The lawsuit also says Ayers, now the executive director of the Georgia Association of Chiefs of Police, was aware that officers in his department routinely used “unnecessary physical force when making arrests and searches” and that he signed off on use-of-force reports even though supervisors had decided to close the cases without further investigation or inquiry.
It also says the county’s use of force procedure was unconstitutional because it “expressly authorized officers to use unnecessary, gratuitous, and disproportionate non-deadly physical force against citizens as a matter of routine procedure when making arrests and searches.” The county allowed unconstitutional policies and practices in use of force investigations, discipline, training and supervision to continue unchecked for nearly 20 years, the lawsuit says.
Ayers said in an email that he disagrees with many of the allegations in the lawsuit, but cannot comment further because the matter is under litigation. County attorney Mike Ludwiczak said the county does not comment on pending litigation.

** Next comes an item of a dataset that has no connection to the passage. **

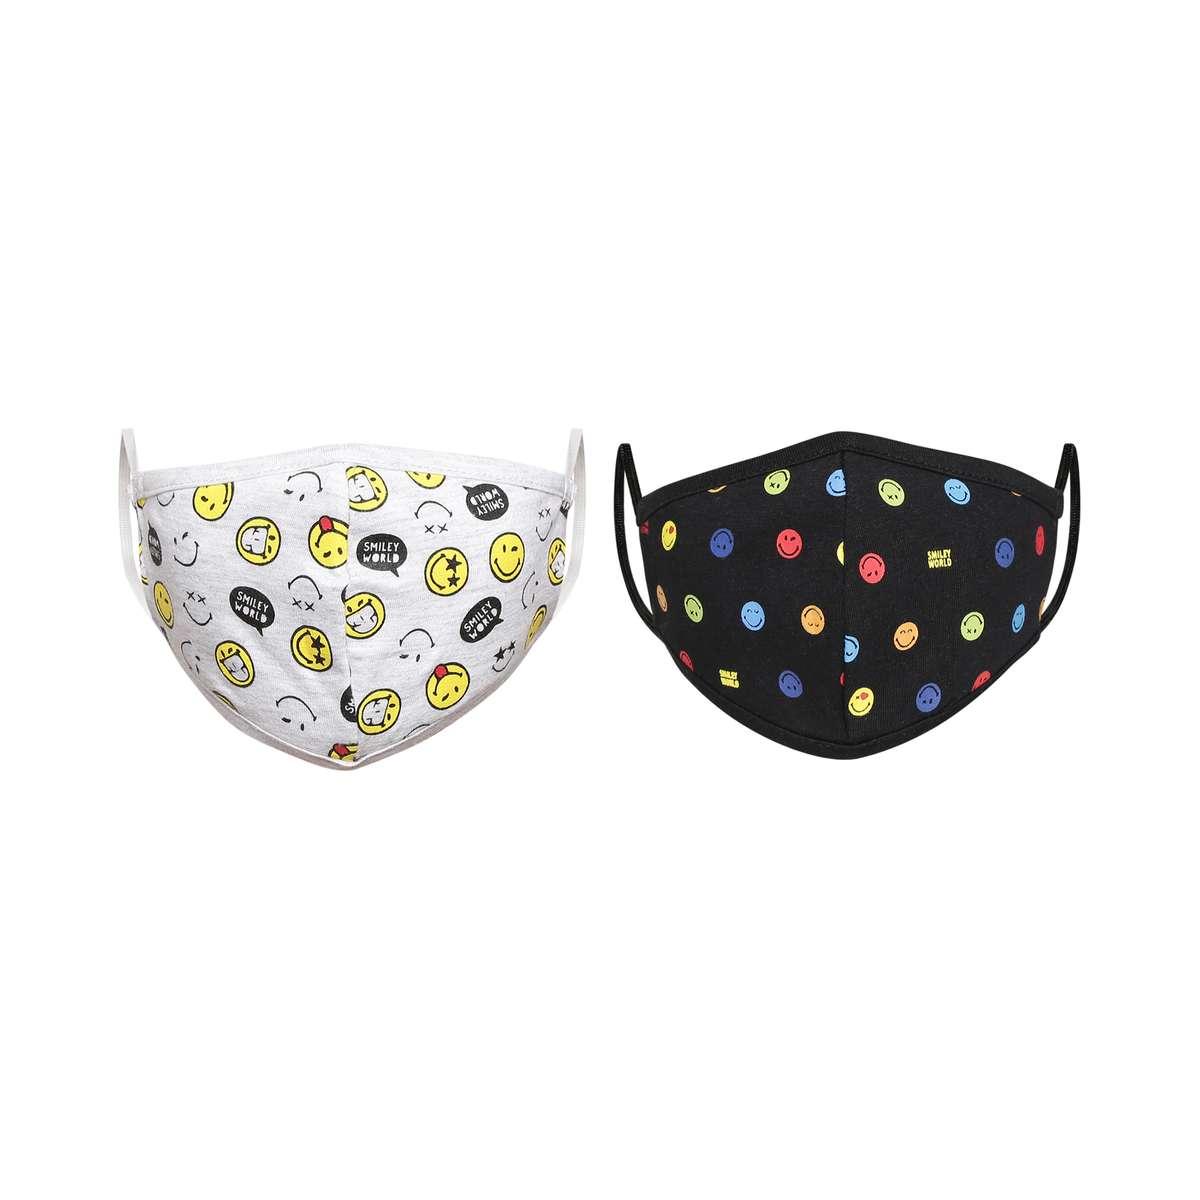 2.SMILEYWORLD Kids Printed Reusable Face Mask - Pack of 2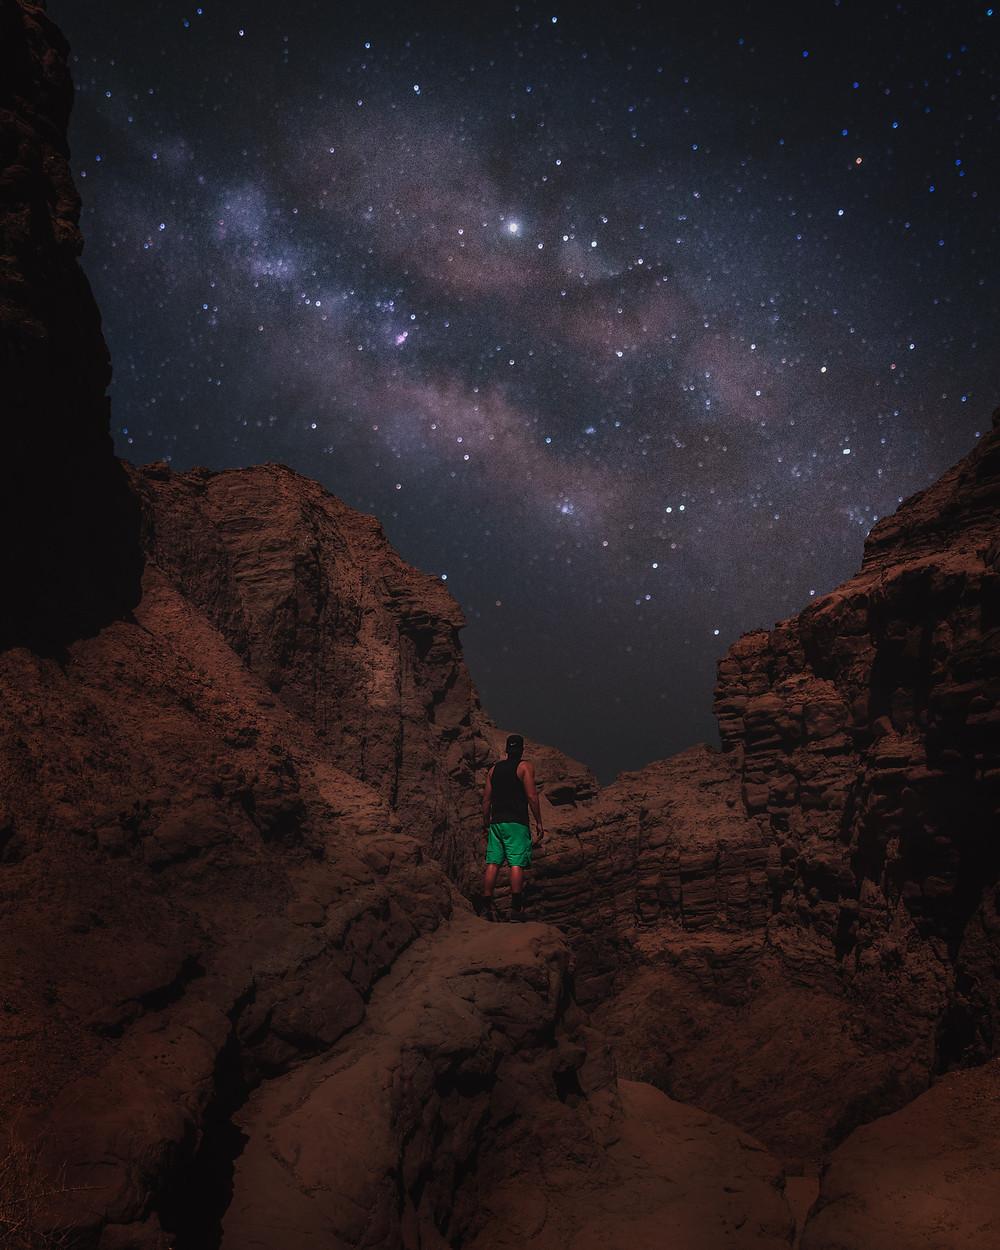 hiking under the Milky Way stars at night

As so often is the case in instances of police brutality, the officers were untruthful in their reports and the truth came out because video existed, said L. Chris Stewart, an attorney for Hollins. After this incident, he said, Gwinnett County prosecutors had to throw out dozens of cases because they could not rely on the reports filed by these officers.
“The people of Gwinnett County suffered because of these officers,” Stewart said.
Hollins was driving a red Acura Integra with no license plate and a brake light that did not work, and switched lanes three times without signaling, according to an incident report filed by Bongiovanni. The lawsuit says Hollins obeyed traffic laws, had two functioning brake lights and his vehicle tag was visible through the rear window.
The lawsuit says the original stop “was not supported by actual or arguable reasonable suspicion or probable cause” to believe he had committed a traffic offense or violated any other law. Even if the traffic stop had been justified, Bongiovanni acted “in an objectively unreasonable manner” in violation of Hollins’ rights, it says.
In nearly 20 years with the department, Bongiovanni had previously reported 67 use-of-force incidents. Only four were investigated and only because of formal citizen complaints, the lawsuit says. He was ultimately exonerated in all four.
Officers must file a report whenever they use physical force against a person, and supervisors are supposed to investigate that use of force to make sure it is justified and complies with department policy. But supervisors in the Gwinnett County police department routinely approved officers’ reports and closed the cases without any investigation, the lawsuit says.
Almost all of Bongiovanni’s prior use-of-force reports lacked sufficient information to determine whether they were justified, the lawsuit says. Additionally, Bongiovanni and McDonald had a history of using excessive force when responding to calls together, the lawsuit says.
Bongiovanni pleaded no contest in June 2019 to aggravated assault and battery and was sentenced to six months in a work-release program and 10 years probation. A jury in February 2020 found McDonald guilty of aggravated assault, battery and violating his oath of office, and he was sentenced to 10 years probation.
The lawsuit, which was filed Sept. 10, asks for a jury trial and seeks compensatory and punitive damages, as well as attorneys’ fees and legal expenses.